PURPOSE: Phase I trial to study the effectiveness of testosterone in treating patients who have progressive prostate cancer that no longer responds to hormone therapy.
Study Overview
Detailed Description
OBJECTIVES:
- Determine the safety and maximum tolerated dose of exogenously administered testosterone in patients with progressive androgen-independent prostate cancer who have been in castrate state either surgically or pharmacologically for a minimum of 1 year.
- Assess the changes in expression of androgen receptor and other receptors in human biopsy specimens or circulating tumor cells before and after this treatment in this patient population.
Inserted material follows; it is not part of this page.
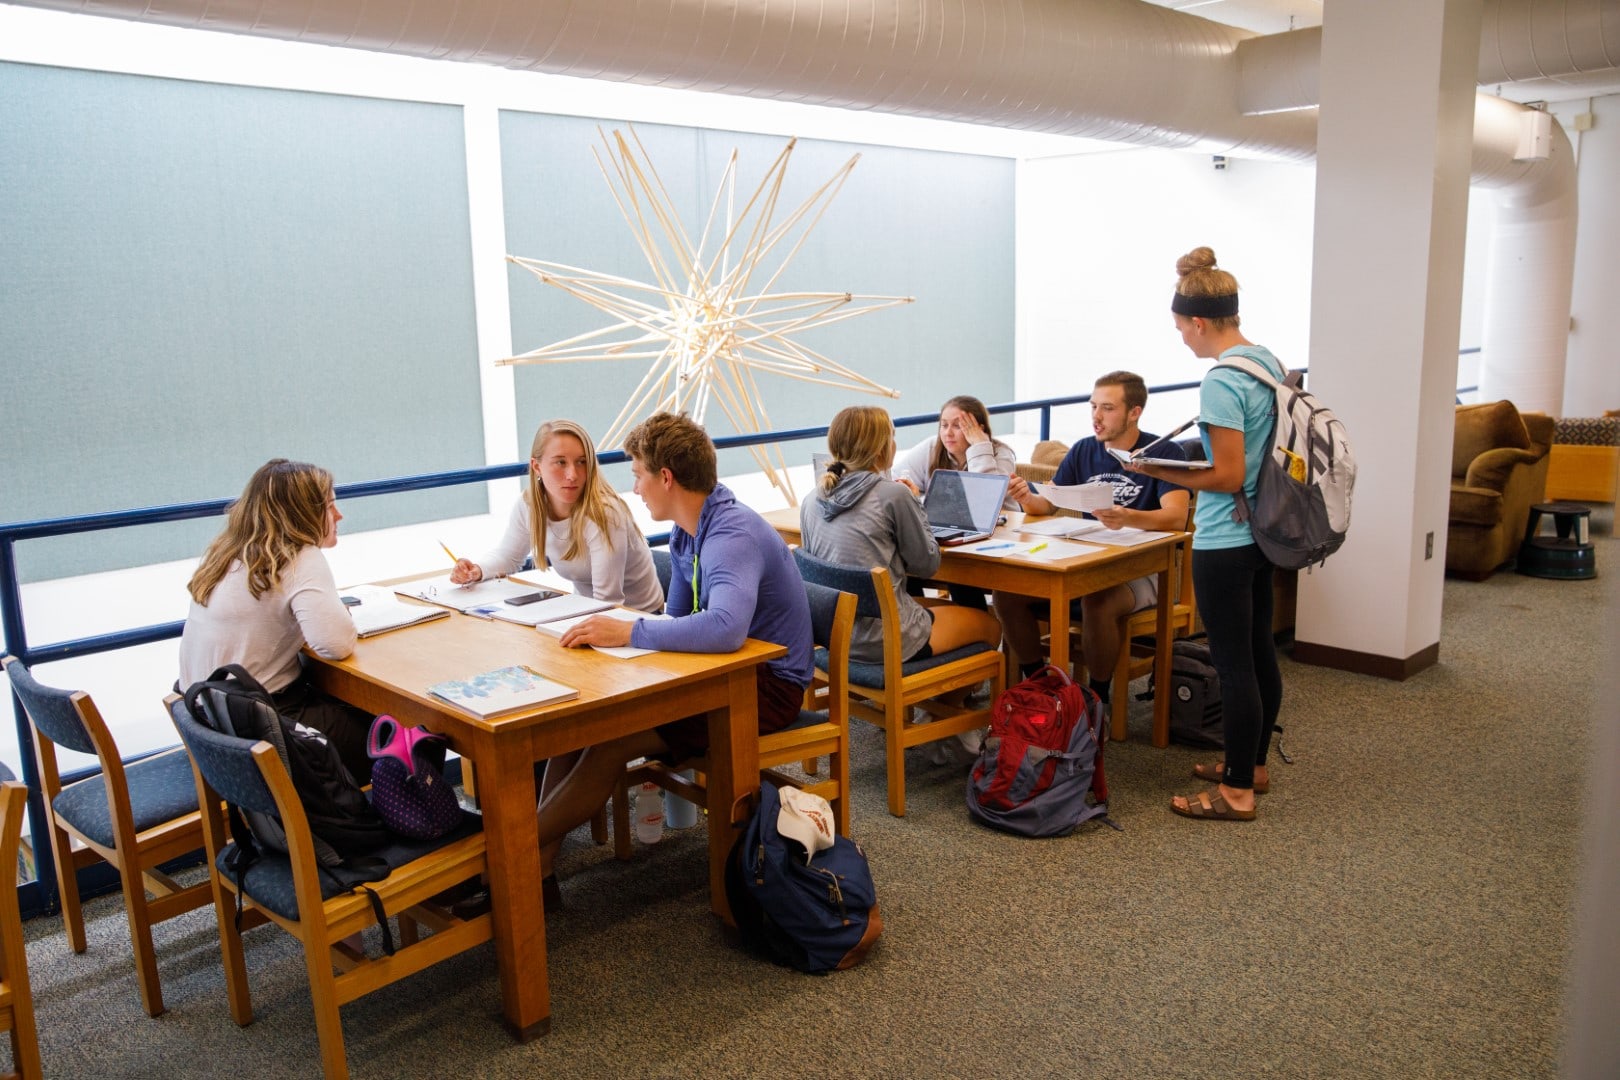 Groups of students in a brightly lit study space in the Castleton library.

OUTLINE: This is a dose-escalation study.
Patients receive testosterone via an enhanced absorption transdermal system continuously for 28 days. The transdermal patches are changed daily.
Cohorts of 3-6 patients receive a fixed daily dose of testosterone with escalating duration of exposure until the maximum tolerated dose (MTD) is determined. The MTD is defined as the dose preceding that at which 2 of 3 or 2 of 6 patients experience dose-limiting toxicities.
Patients are followed at day 1 and at weeks 2 and 4.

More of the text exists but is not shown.